なんでそんな不便な規格が注目されているかというと、単純な転送速度を見た際にはThunderboltより伝送速度が速く、かつ応答速度も速いためです。
そしてType-Cと違いライセンス料がかからないため、安価に搭載することができます。
抜けを防止する爪があることから、もともとはサーバー用途での使用が注目されていましたが、最近になってGP目的での利用が注目を集めています。
GPUとの関連は?
なぜそれがGPU関連で注目を集めているといえば、理由は先ほどの説明にあります。
- 応答速度が速い→ThunderboltよりeGPUの性能を活かせる
- ライセンス料が必要ない→安価に搭載できる
- 爪がある→抜けづらい
- プラグアンドプレイじゃない→より内蔵に近いケーブルのため、内蔵GPUに近い性能が期待できる
上記の特徴がeGPUにマッチしていたので、最近の注目につながります。
eGPUとは外付けGPUのことで、外付けSSDのように後からPCにつけるGPUのことです。
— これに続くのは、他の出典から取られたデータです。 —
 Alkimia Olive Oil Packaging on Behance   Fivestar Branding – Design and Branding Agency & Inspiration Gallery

主な接続方法はThunderbolt3/4(Type-Cを利用する規格)でしたが、最近はOCuLinkが注目を浴びています。
OCuLinkを使うと、プラグアンドプレイという利点はないものの、よりeGPUの性能を引き出すことができます。
Thunderboltは汎用的な規格なので間にどうしても応答速度的なボトルネックが発生してしまいます。
OCuLinkは汎用性は低いですが、内蔵に近いので反応速度も速いのです。
eGPUを使う際の性能劣化がThunderboltは15〜30%と言われていますが、OCuLinkは10〜15%と言われています。
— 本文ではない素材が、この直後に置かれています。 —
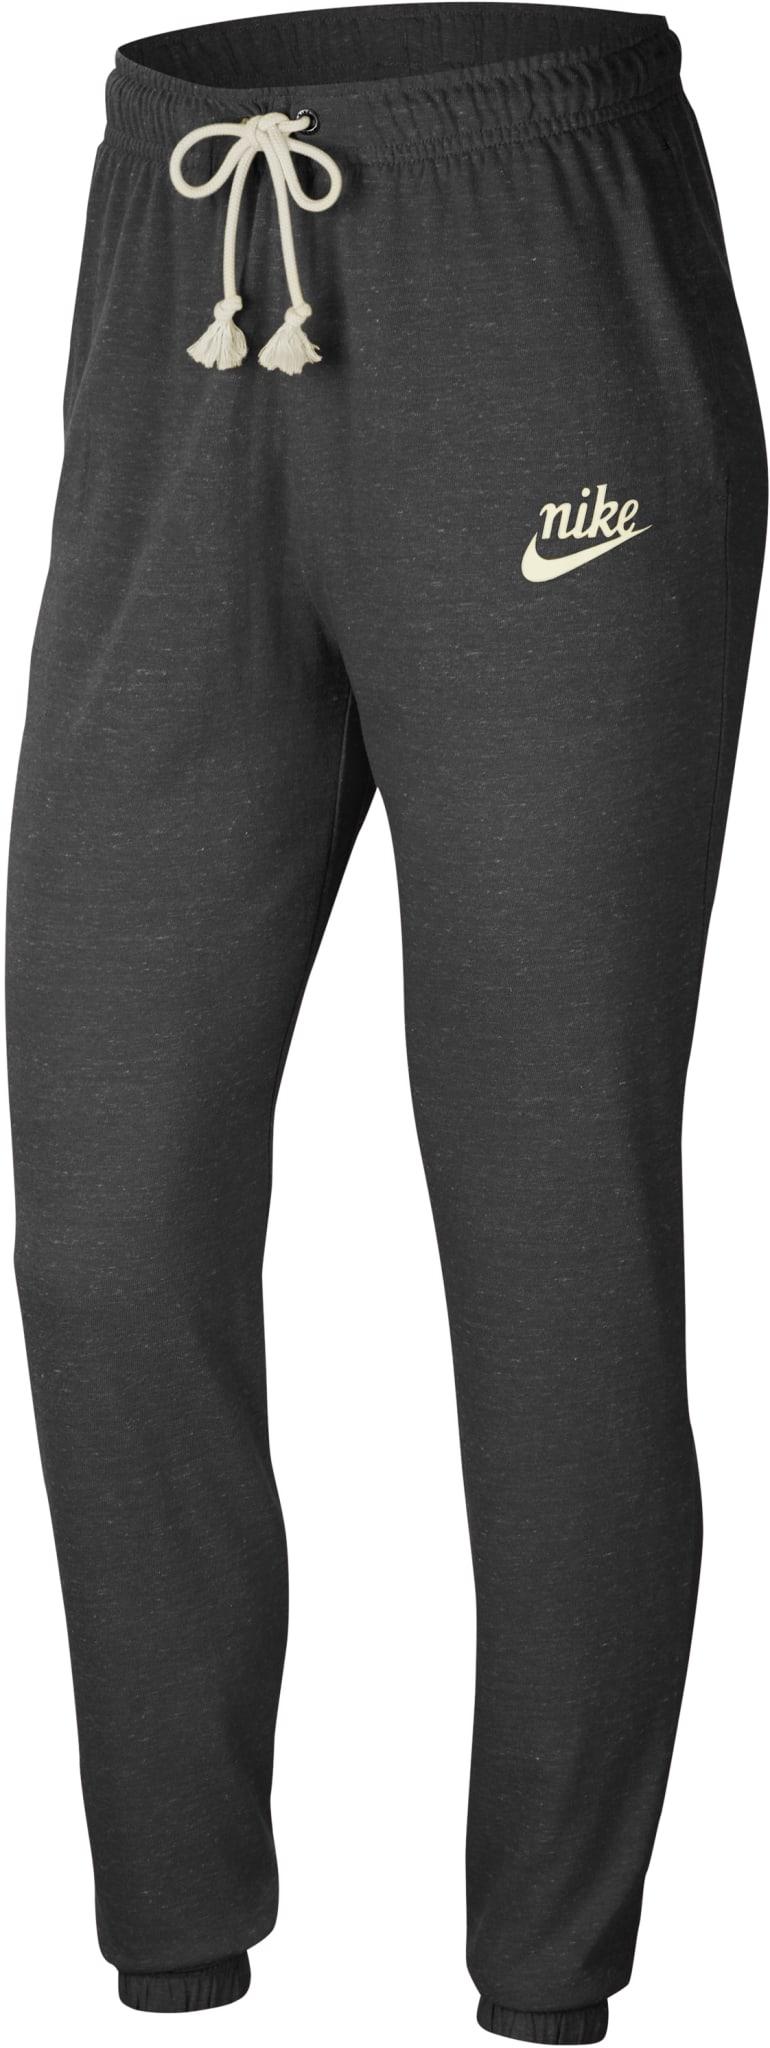 NSW Gym Vintage Pant W

プラグアンドプレイじゃないという点も、そもそもeGPUは持ち運ばない(別途電源が必要)ためあまり気になることはないでしょう。
というわけで、eGPUに関して言えばOCuLinkは最適だったわけです。
まとめ
- OCuLinkはM.2の外付け版と考えればいい
- Thunderboltと比べて速いし安価なのでeGPUに向いている
- ただしプラグとしての汎用性が低いので上位互換でもなければ競合するものでもない
eGPUに関して言えばOCuLinkの方が優秀ですが、なぜ最近まで注目されなかったかといえば単純にeGPUもOCuLinkも盛り上がっていなない、下火の市場だったからです。
UMPC(Switchのような携帯できるPC)が出てきて、それらを強化するアイテムとしてeGPUが出てきて、じゃあOCuLinkもいいよね……という流れです。
現状ではOCuLink対応PCもGPUも少ないですが、将来的にはまずミニPCを買って、必要ならeGPUも買い足す……という買い方も珍しくなくなるかもしれません。